Segeju

Total population
- <25,000 (2012)

Regions with significant populations
- Tanzania: 18,688 (1969)
- Kenya: 8,000 (2012)

Languages
- Segeju, Digo, Swahili

Religion
- Predominantly Islam

Related ethnic groups
- Dhaiso, Kamba, Mijikenda, Shirazi, Swahili, other Bantu peoples

= Segeju people =

Ethnic group from Tanga Region of Tanzania

The Segeju (Swahili: Wasegeju; Mijikenda: Asagidzu) are a Bantu ethnolinguistic group mostly based in Tanzania's Tanga Region (particularly Mkinga District) and Kenya's Kwale County. Most Segeju reside in the small coastal strip between the Tanzanian city of Tanga and the Kenyan-Tanzanian border. However, some Segeju have migrated to urban areas in other parts of Tanzania or Kenya (e.g. Mombasa), in hopes of better employment opportunities and quality of life. Segeju migration to urban areas often results in severance of community ties, leading to a lack of transmission of important cultural traditions and language.

In 2012, the Segeju population was estimated to number fewer than 25,000, with fewer than 7,000 speaking the Segeju language. The Segeju have kinship relations with the Digo people, who are part of the nine tribes of the Mijikenda. Additionally, the Segeju have affines with the nearby Swahili and Shirazi. As a result, many Segeju have adopted the Swahili and Digo languages as mediums for wider communication.

==Ethnonym==

The ethnonym of Segeju is said to be derived from the Swahili words Kusega, meaning 'to draw' and juu, meaning 'up' or 'high'. The Segeju were said to have acquired the name following contact with the Shirazis in the 17th century, on account of the habit of their wearing of skin garments around their loins higher than was usual.

==History==
===Origins===
Segeju oral traditions describe a close historical connection between them and the Dhaiso, an ethnic group primarily inhabiting the foot of the Usambara Mountains. The mother-tongue of the Dhaiso is a Thagicũ language, which is related to the Kamba language and other Bantu languages of Central Kenya. Some Segeju are aware that their ancestors spoke this Thagicũ language too and of their distant connection to the Kamba, Kikuyu, and other Thagicũ peoples. The linguistic connection between these peoples clearly indicates that the Segeju, Dhaiso, and Central Kenyan Bantu people share a common origin, presumably in the upper reaches of the Tana River.

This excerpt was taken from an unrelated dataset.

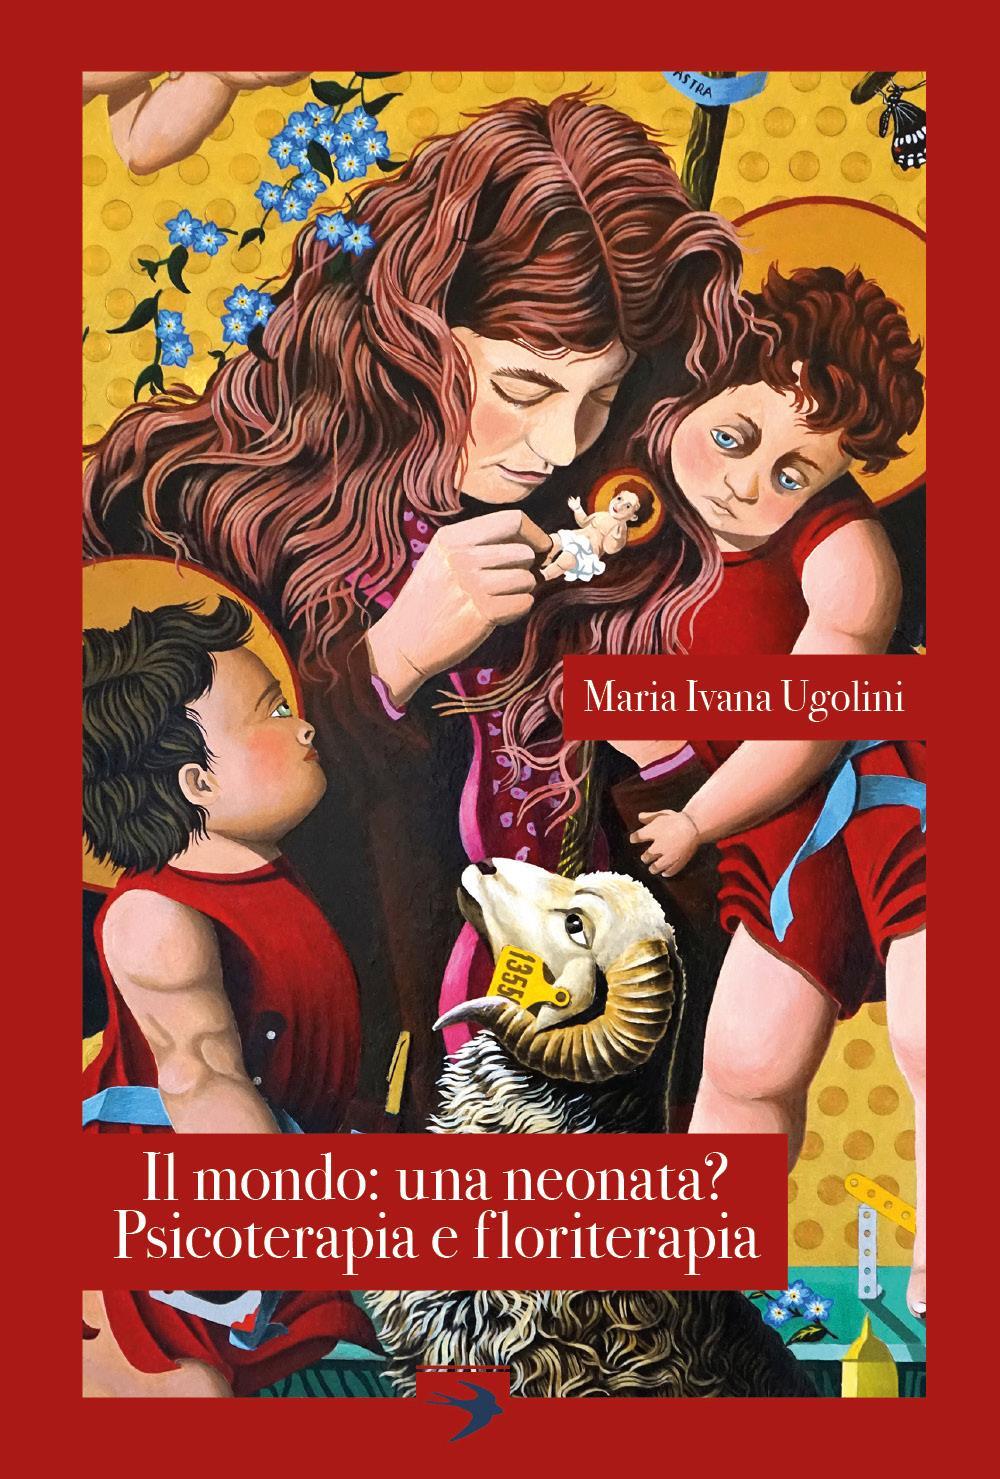 Il mondo: una neonata? Psicoterapia e floriterapia
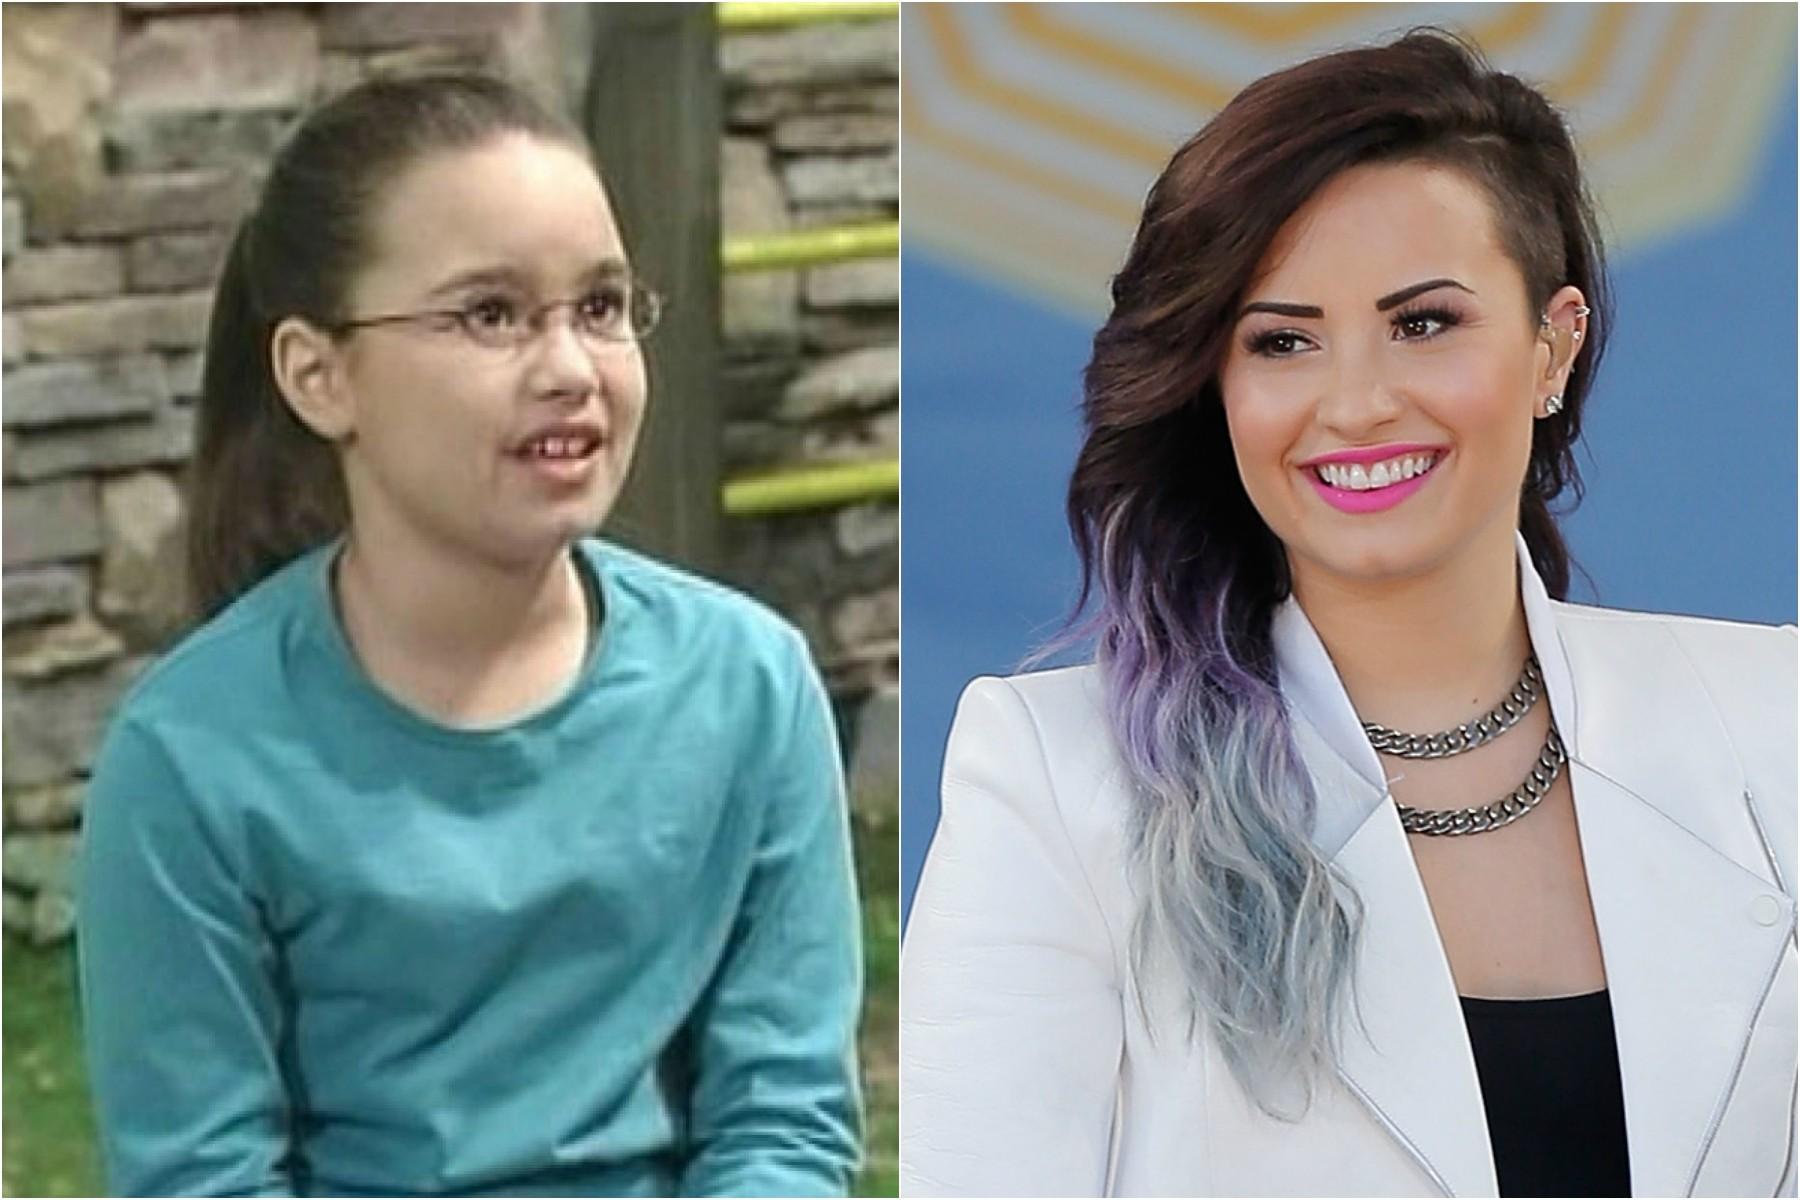 Demi Lovato tinha entre 9 e 10 anos quando começou a trabalhar na televisão (à esq.), interpretando a menina Angela nos programas do dinossauro Barney desde 2002. Hoje, se dedica mais à carreira de cantora e tem 21 anos. (Foto: Getty Images)

However, according to Segeju traditions recorded by Mhando (2008), the Segeju state that they originated from Shungwaya. Shungwaya is a legendary place said to be roughly located north of Kenya's Paté Island in present-day Southern Somalia. Another version states that they came from Arabia, specifically Yemen.

=== c.1590 - 1630 ===

==== Zimba defeat, Segeju-Swahili coast rivalry ====
The Segeju also acted as a military for hire by Swahili city of Malindi. In the 16th century, The Zimba, a military arm of the Maravi Kingdom, goes on a rampage pillaging Swahili cities. After pillaging Mombasa, the Zimba head for Malindi but are annihilated by the Segeju when they were scaling the walls of Malindi. Segeju gain fame for this feat and later on, Malindi uses the Segeju as warriors for hire to siege the city of Mombasa on behalf of the Sheikh of Malindi. During the battle for Mombasa, Shehe bin Misham and his three adult sons are killed. Shortly afterward the Segeju occupied Mombasa, eventually surrendering it to the Sheikh of Malindi, who invites his ally, the Portuguese, to set up base.

=== c. 1650 - 1700 ===

==== Galla-Segeju conflict ====
Mhando records that the Segeju were attacked by the Galla in the second half of the 17th century. This caused their society to fragment into at least three sections. One of the groups fled to Lamu Island where they intermarried with the local people, giving rise to the Bajuni people. Another group fled to an area known as Mwangea while the third fled to the lower Tana region. The last group would later move to their current areas of occupancy due to long droughts in the Tana region.

== Culture ==

=== Religion ===
Virtually all Segeju are Sunni Muslims of the Shafi'ite school of thought due to a series of historical interactions and intermarriages with the neighboring Swahili in the 17th century. There is a small Christian minority among the Segeju of Kenya.